Translation for the everyday investor? This is a market primed for high-speed traps. Sharp upside pushes can be followed by equally sudden reversals, all driven by automated trading systems and mass liquidation events.
$111K BTC in Sight, but Don’t Mistake It for a Bull Run Just Yet
Traders aren’t necessarily calling for a new ATH party—yet. Instead, they’re eyeing what’s called “upside liquidity.” That’s where there’s enough open interest and stop-loss clustering to justify a spike, not necessarily a sustained breakout.
“$111,000 looks eager to be tagged next,” said trader Jelle, pointing to CoinGlass heatmaps. But those heatmaps aren’t just price predictions, they’re battle maps. They show where traders are overexposed and where big players might strike.
In this case, liquidity above $108,000 is pulling the market upward, like a magnet. But below $105,000 lies another pocket of liquidity. And that’s why Cullen and others think we could see a short squeeze up, followed by a shakeout down.
So… What Would Saylor Say?
Michael Saylor has made headlines (and memes) with his sky-high price targets, most notably his long-game call that Bitcoin could eventually be worth $21 million per coin. That forecast assumes Bitcoin becomes the backbone of a new monetary standard, replacing fiat and absorbing global wealth.
So how does a short-term liquidity hunt to $111K fit into that?
It doesn’t—yet. But it shows us the mechanics of how Bitcoin could get there. These liquidity games show just how much capital, leverage, and emotion swirl around BTC. If volatility remains this aggressive and demand continues to chase supply, price discovery will march higher over time, even if today’s moves are just tactical.

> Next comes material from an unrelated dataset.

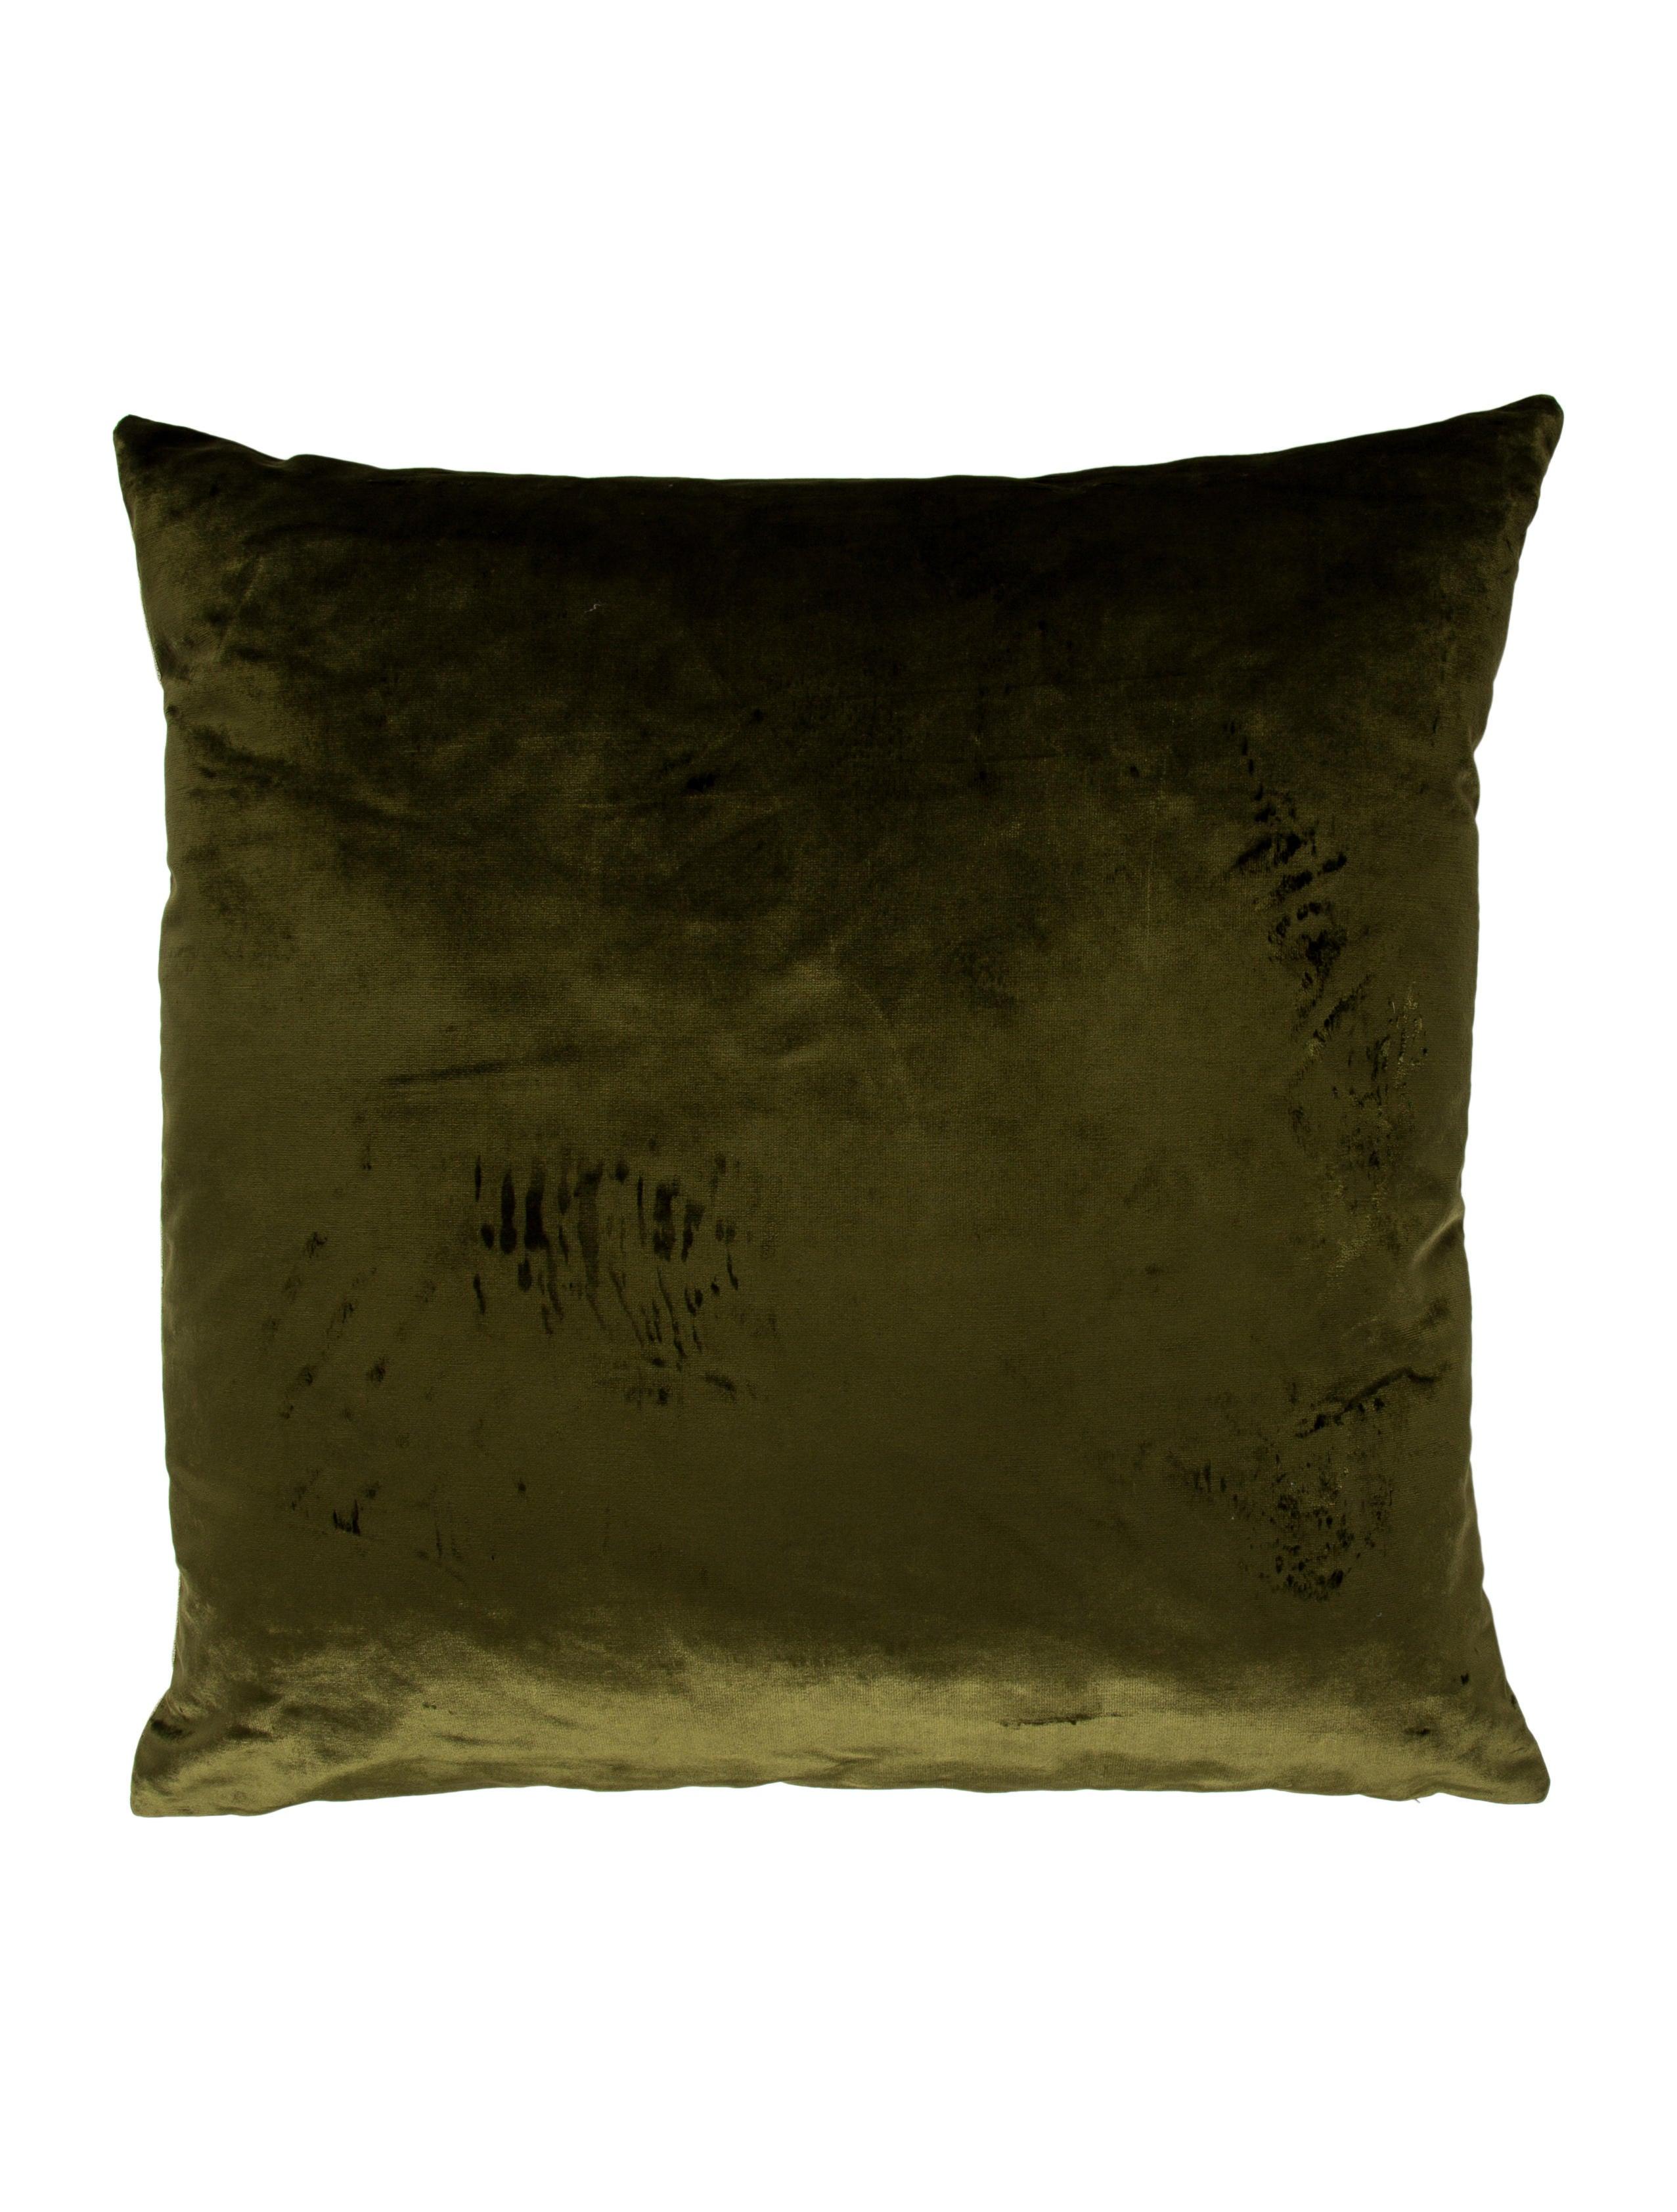 Iosis Velvet Throw Pillow - Bedding And Bath - PILLO20213 The RealReal

Monthly Close Matters More Than You Think
Amid the short-term chaos, the real story may be the June monthly candle. Analyst Rekt Capital says a close above $102,400 would confirm a monthly range breakout, signaling that the uptrend is intact and setting the tone for Q3.
With macro conditions aligning, like easing Fed expectations and geopolitical de-escalation in the Middle East, Bitcoin might just get the runway it needs to go from range-bound to rocket-fueled.
At the time of writing, Bitcoin is sitting at $107,059.